# Activity:
Please reproduce exactly the line that contains "Alwyn Home Twin" and every line after it through the end of the records below, adding nothing else.

——

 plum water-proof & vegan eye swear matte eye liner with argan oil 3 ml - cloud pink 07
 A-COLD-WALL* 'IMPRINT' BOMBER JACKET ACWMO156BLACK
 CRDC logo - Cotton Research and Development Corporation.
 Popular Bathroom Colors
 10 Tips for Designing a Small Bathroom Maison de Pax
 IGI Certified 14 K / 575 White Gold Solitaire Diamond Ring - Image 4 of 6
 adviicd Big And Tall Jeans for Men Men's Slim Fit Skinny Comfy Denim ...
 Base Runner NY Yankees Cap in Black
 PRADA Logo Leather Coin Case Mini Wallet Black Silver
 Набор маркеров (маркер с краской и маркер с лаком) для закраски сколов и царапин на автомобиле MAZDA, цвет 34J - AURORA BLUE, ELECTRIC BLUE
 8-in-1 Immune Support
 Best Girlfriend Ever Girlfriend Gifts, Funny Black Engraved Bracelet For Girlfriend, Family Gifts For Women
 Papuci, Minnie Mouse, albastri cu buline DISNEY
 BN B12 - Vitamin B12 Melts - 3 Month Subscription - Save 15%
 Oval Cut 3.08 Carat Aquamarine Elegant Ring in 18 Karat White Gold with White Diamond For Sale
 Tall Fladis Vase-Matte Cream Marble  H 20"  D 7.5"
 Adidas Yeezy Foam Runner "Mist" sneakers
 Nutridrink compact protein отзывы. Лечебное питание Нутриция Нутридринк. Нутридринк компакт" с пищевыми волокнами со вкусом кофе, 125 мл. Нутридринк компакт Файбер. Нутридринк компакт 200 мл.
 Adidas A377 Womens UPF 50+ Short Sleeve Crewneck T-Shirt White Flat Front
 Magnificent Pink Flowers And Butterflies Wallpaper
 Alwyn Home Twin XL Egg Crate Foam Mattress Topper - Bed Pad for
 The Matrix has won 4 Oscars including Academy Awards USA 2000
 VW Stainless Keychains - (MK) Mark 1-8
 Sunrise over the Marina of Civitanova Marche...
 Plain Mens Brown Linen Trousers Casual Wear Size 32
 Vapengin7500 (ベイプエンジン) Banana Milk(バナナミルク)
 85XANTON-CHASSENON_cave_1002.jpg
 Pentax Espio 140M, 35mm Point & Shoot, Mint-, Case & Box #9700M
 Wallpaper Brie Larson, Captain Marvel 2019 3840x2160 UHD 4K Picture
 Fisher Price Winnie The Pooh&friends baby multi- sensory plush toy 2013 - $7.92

——

# Solution for this exercise:
 Alwyn Home Twin XL Egg Crate Foam Mattress Topper - Bed Pad for
 The Matrix has won 4 Oscars including Academy Awards USA 2000
 VW Stainless Keychains - (MK) Mark 1-8
 Sunrise over the Marina of Civitanova Marche...
 Plain Mens Brown Linen Trousers Casual Wear Size 32
 Vapengin7500 (ベイプエンジン) Banana Milk(バナナミルク)
 85XANTON-CHASSENON_cave_1002.jpg
 Pentax Espio 140M, 35mm Point & Shoot, Mint-, Case & Box #9700M
 Wallpaper Brie Larson, Captain Marvel 2019 3840x2160 UHD 4K Picture
 Fisher Price Winnie The Pooh&friends baby multi- sensory plush toy 2013 - $7.92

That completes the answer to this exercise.